Everyone knows their role and responsibility

The difference between a high-performing team and one plagued by conflict cannot be overstated. In fact, nine times out of ten, team conflict arises due to confusion about who should be doing what. When there is confusion, let the hunger games begin! Politics, gossip, land grabbing, you name it will start to seep their way in. It is crucial for each person on the team to understand not only what they are responsible for, but what each other is responsible for. When there are pieces of work that are highly collaborative, make sure that people understand their responsibilities within that partnership. This can save a lot of time later if conflict takes roots. This can also help make it clear when someone is under performing or isn't delivering.

Playing to Strengths (and covering each other's gaps)

A strong team knows what each player is best at, and they openly discuss and "pass the ball" to each other around these pieces. If you have someone on the team who isn't very conceptual, they have a hard time ideating and coming up with ideas on the fly, but they are excellent at drilling into the detail, asking the hard questions, and gut checking thinking, then we need to celebrate what they are good at and help them partner with someone who is opposite of them. We all have our strengths and our weaknesses, the beauty of playing on a team is we bring multiple strengths to the table and collectively we cover each others gaps (if you don't have this aspect on your team, you aren't hiring enough diversity of thinking and style). Creating a culture where we can openly discuss areas of strength and areas where "we better not for everyone's sake" is a gift. It accelerates the pace of execution, and has the happy benefit of making everyone feel valued because they know that they have something unique to contribute. This can really be some glue in helping a team gel together.

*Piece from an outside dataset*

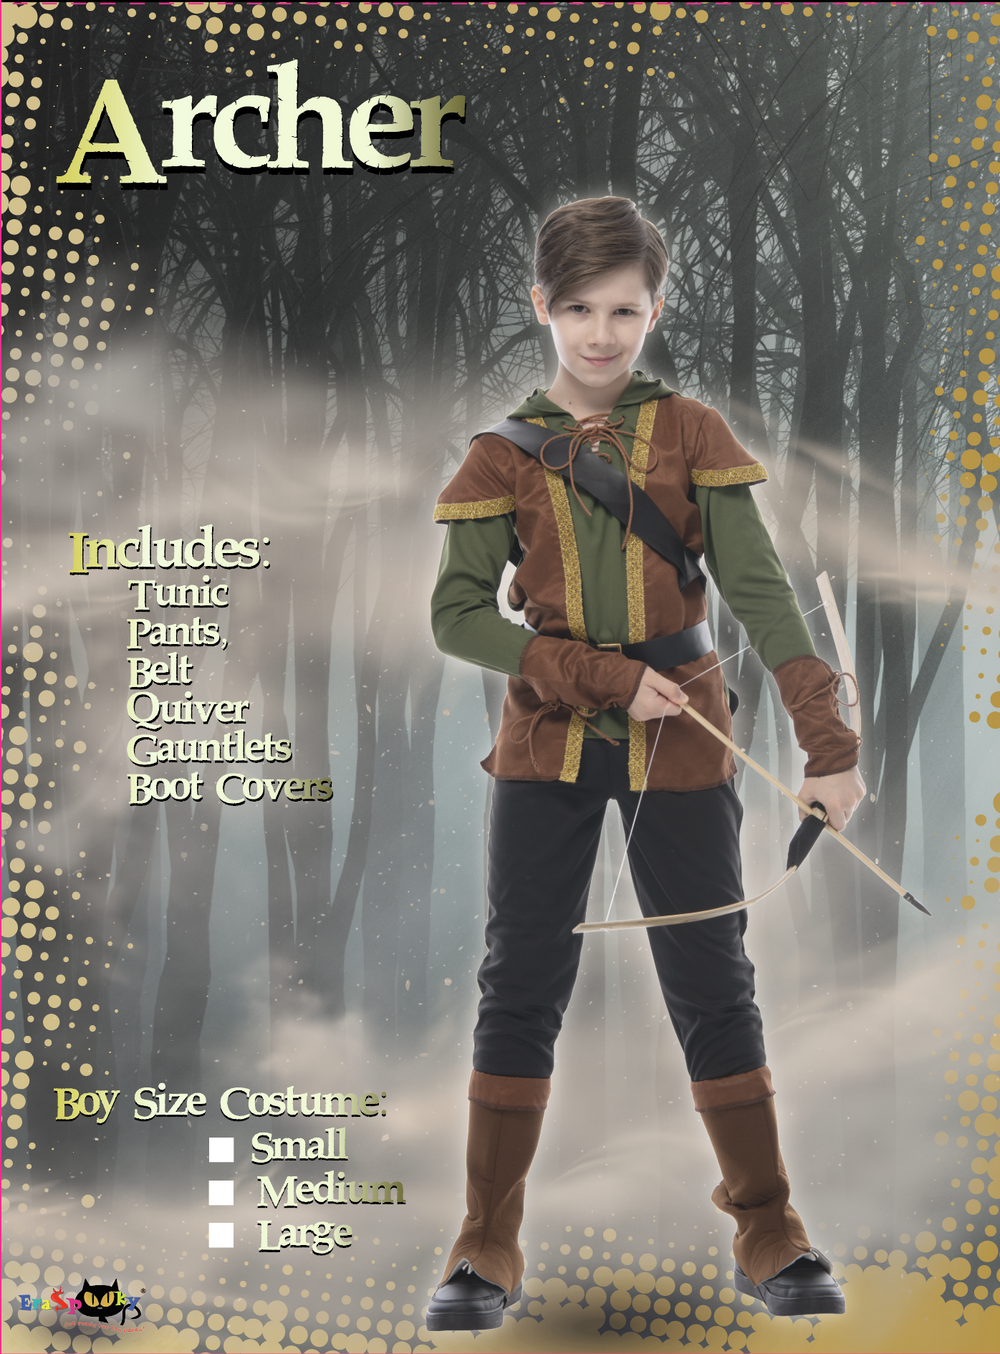 EraSpooky Costume d'Halloween Robin des bois pour garçon Tenue de chasseur d'archer médiéval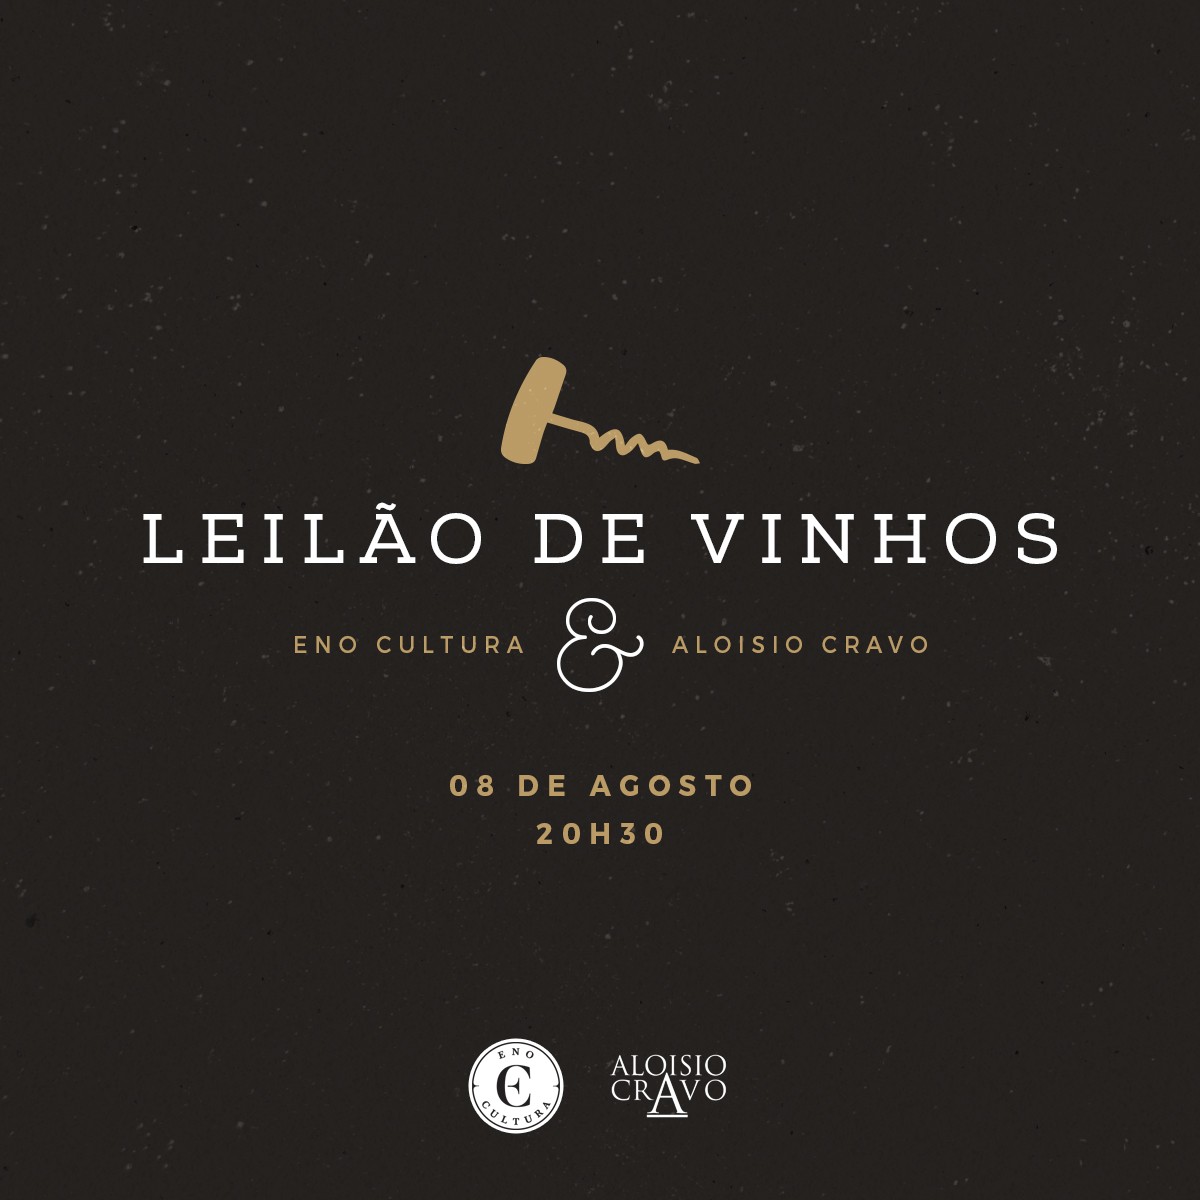 Thumbnail do artigo A Eno Cultura em parceria com o leiloeiro Aloisio Cravo promovem leilão de vinhos raros

Empowering the people "below"

Hierarchical language perpetuates power bias, but for the sake of clarity, I will use it. Leaders resist the urge to hoard power. Power-hoarding leaders breed resentment and rebellion among their teams. Your primary responsibility as a leader is to delegate decision-making to those closest to the people closest to the problem, on the ground, in the trenches…. You get it. We've all had a career trajectory and the only way that people learn is to be exposed and to let them take their shots. Let them. Guide them, teach them, but do not make all the decisions yourself. You will build strong players on the team when you let thinking and problem solving happen in your team. Empowering is not only a crucial tool of learning, but it is also a core tenet of employee satisfaction. If you want to keep your people happy, let them make decisions, bring them to the table, listen to their ideas, let them take their shots. They will love you for it, and this engenders a lot of loyalty

Creating an environment of continuous growth

Culture is a key aspect of how we work. Whether people are open to feedback, agile in their thinking, able to pivot when we learn something new, is largely a function of what kind of culture we are creating. Having an environment that lives, eats, breaths and rewards continuous feedback (when done with kindness and reflection) becomes a game changer. Getting people to be in growth mindset, seeing set backs as opportunities and challenges as problems to be solved, creates an inspiring and motivating environment. We all need feedback in order to grow, but that is one of the areas that leaders often dread the most because they don't have a culture that is built on it. When you do feedback as an activity, it feels very evaluative, judgemental and can be counterproductive from true learning and growth. If we build an expectation that we all need to learn and grow through the journey we are on, we can create a lot of psychological freedom that will make our products better, our people smarter, and we can collectively continue to improve together.